Conclusion.—No one can study the extraordinary changes
which have been taking place in Finsbury since 1901 without
arriving at two fairly definite conclusions. In the first place there
has been a decline in population, due to various reasons. An immense
improvement in the means of transit * is fast revolutionising
Finsbury and Central London generally; th : vigorous reduction of
overcrowding and the displacement of persons from insanitary
property is reducing the population ; and more than all else probably
the invasion of Finsbury by commerce is profoundly altering its
constitution in regard to the number and character of the
population, and in that way profoundly modifying the problems of
local government, which must now be faced. In the second place,
there has been a substantial improvement, from a sanitary point of view,
in the house accommodation of the people. Many old slums have
vanished altogether, many others have been improved, and gross
overcrowding has been reduced. In 1905 and 1906 vacant
accommodation was found to exist in Finsbury for not less than 5,000
persons (2,196 empty rooms in 1906, 2,284 in 1905), which means
definite relief to the densely congested areas of ten years ago.

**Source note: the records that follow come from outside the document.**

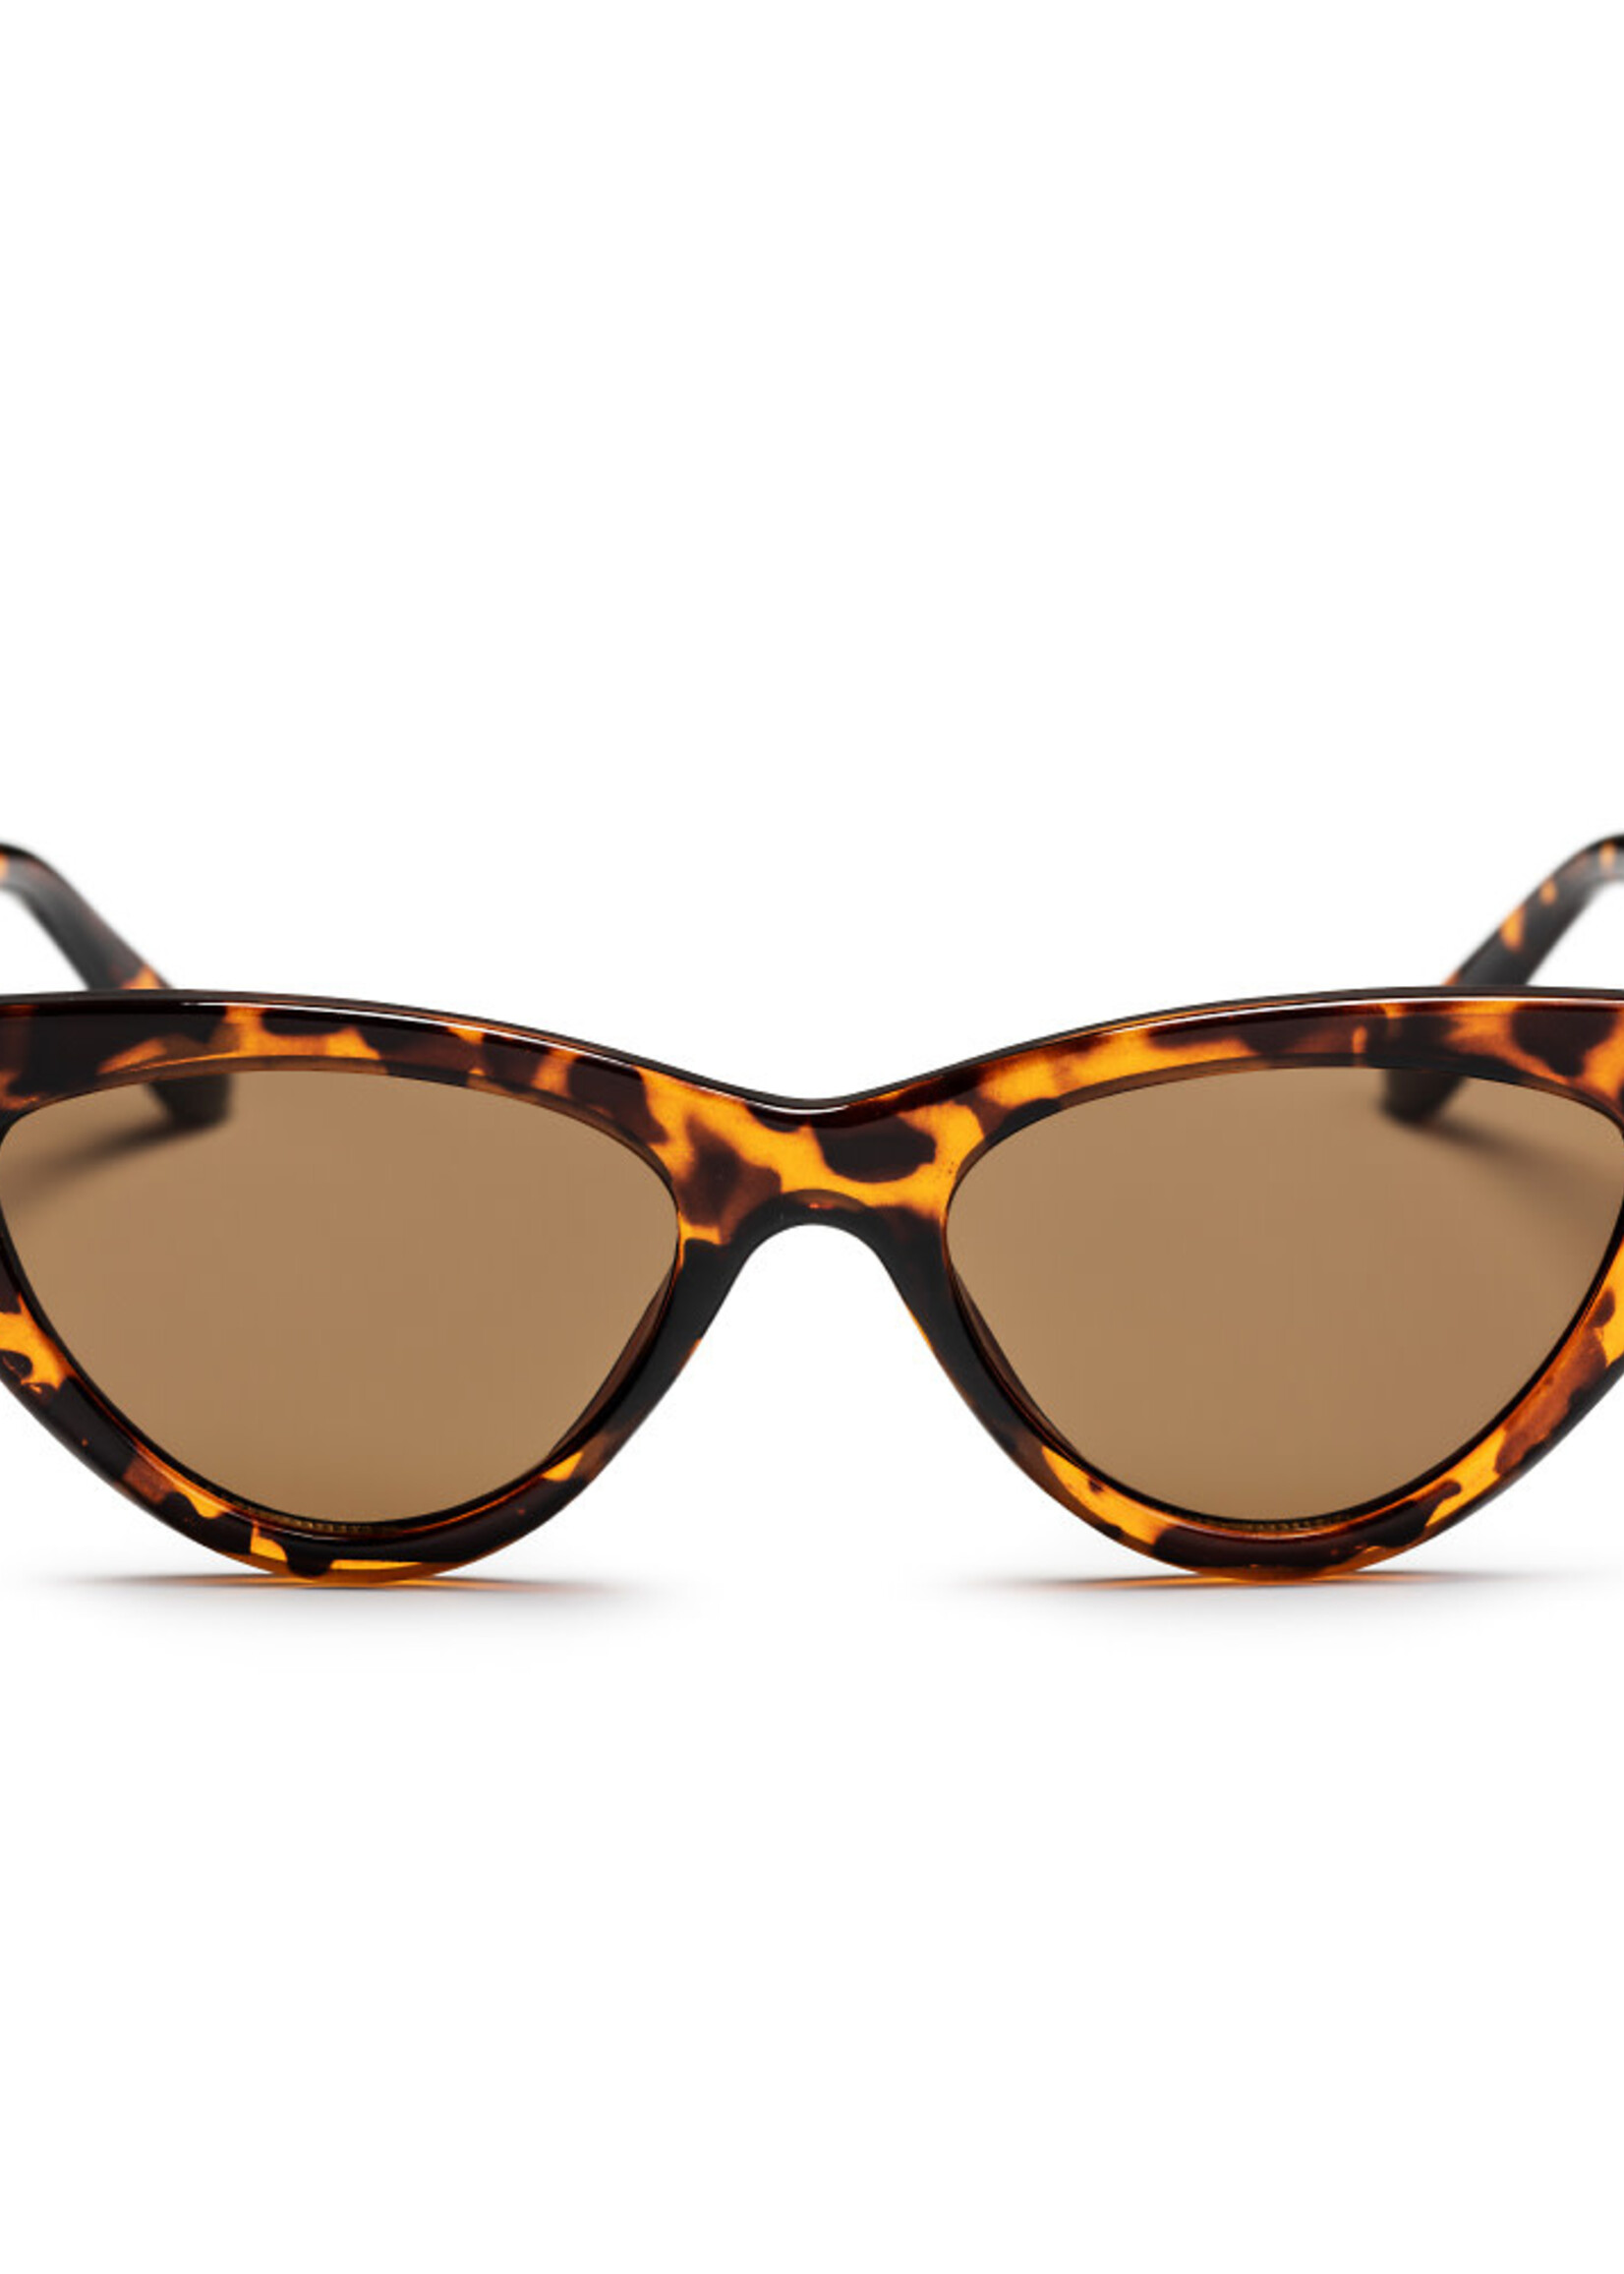 CHPO Brand Sunglasses Amy Turtle Brown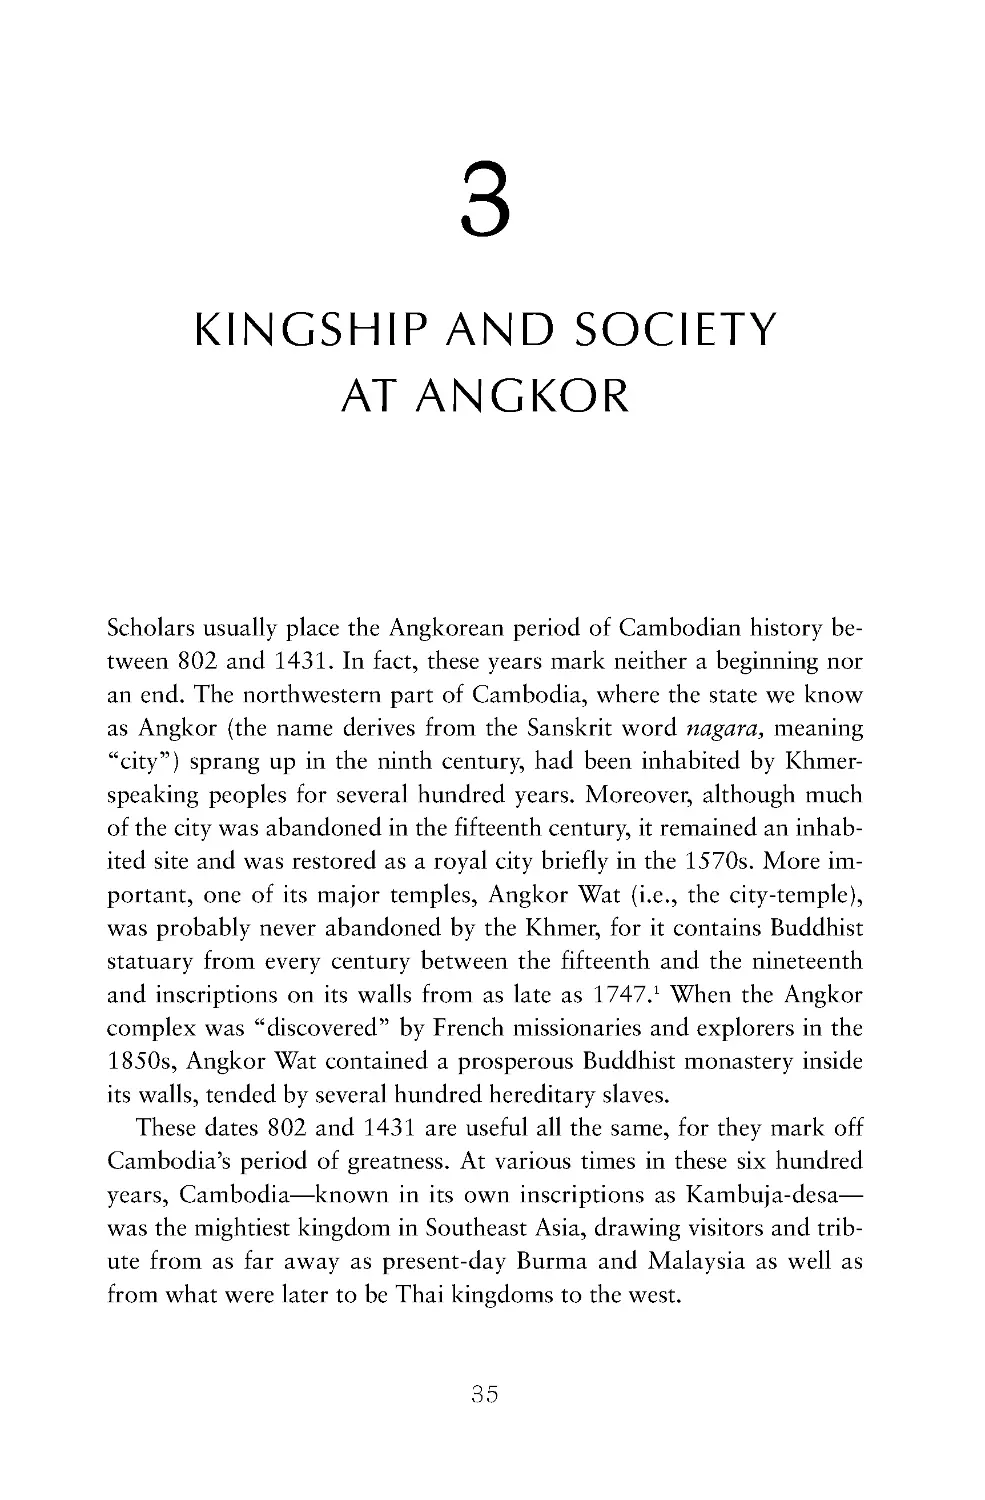 3. Kingship and Society at Angkor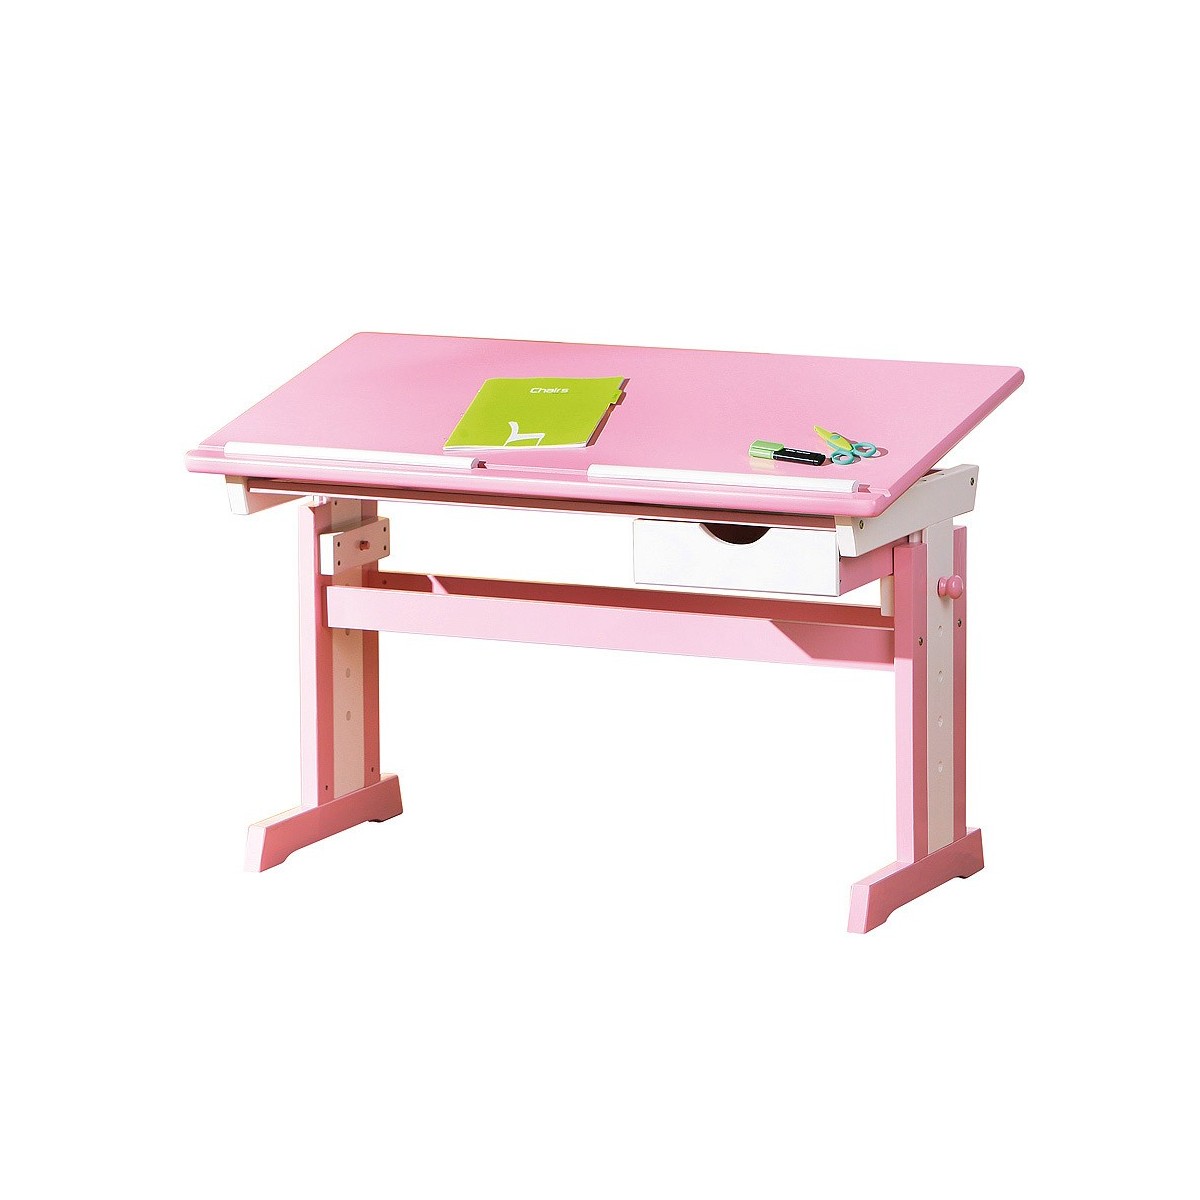 papasbox Set scrivania per Bambini Regolabile in Altezza Rosa con Piano del Tavolo Inclinato,Adatto ai Bambini per Imparare e disegnare può Essere utilizzato nelle scuole e nelle Famiglie

These changes are, on the whole, of good import and cannot fail
to exert a direct and indirect effect upon vitality and mortality in
Finsbury. They are due, in the main, to the invasion of commerce,
the improved transit, and the action of the Borough Council in
regard to its housing policy.
* One of the most hopeful signs in Finsbury during the last five years has
been the marked improvement in means of transit (e.g. the Tube Railway
from South London to the "Angel," which is now extended to King's Cross;
the new tramways down Rosebery Avenue, Clerkenwell Road, Old Street,
Goswell Road, St. John Street and Pentonville; the various extensions of the
District Railway connecting with the Metropolitan Railway at Farringdon
Road; the new services from King's Cross; and the Tube Railway from
Finsbury Park to the Bank).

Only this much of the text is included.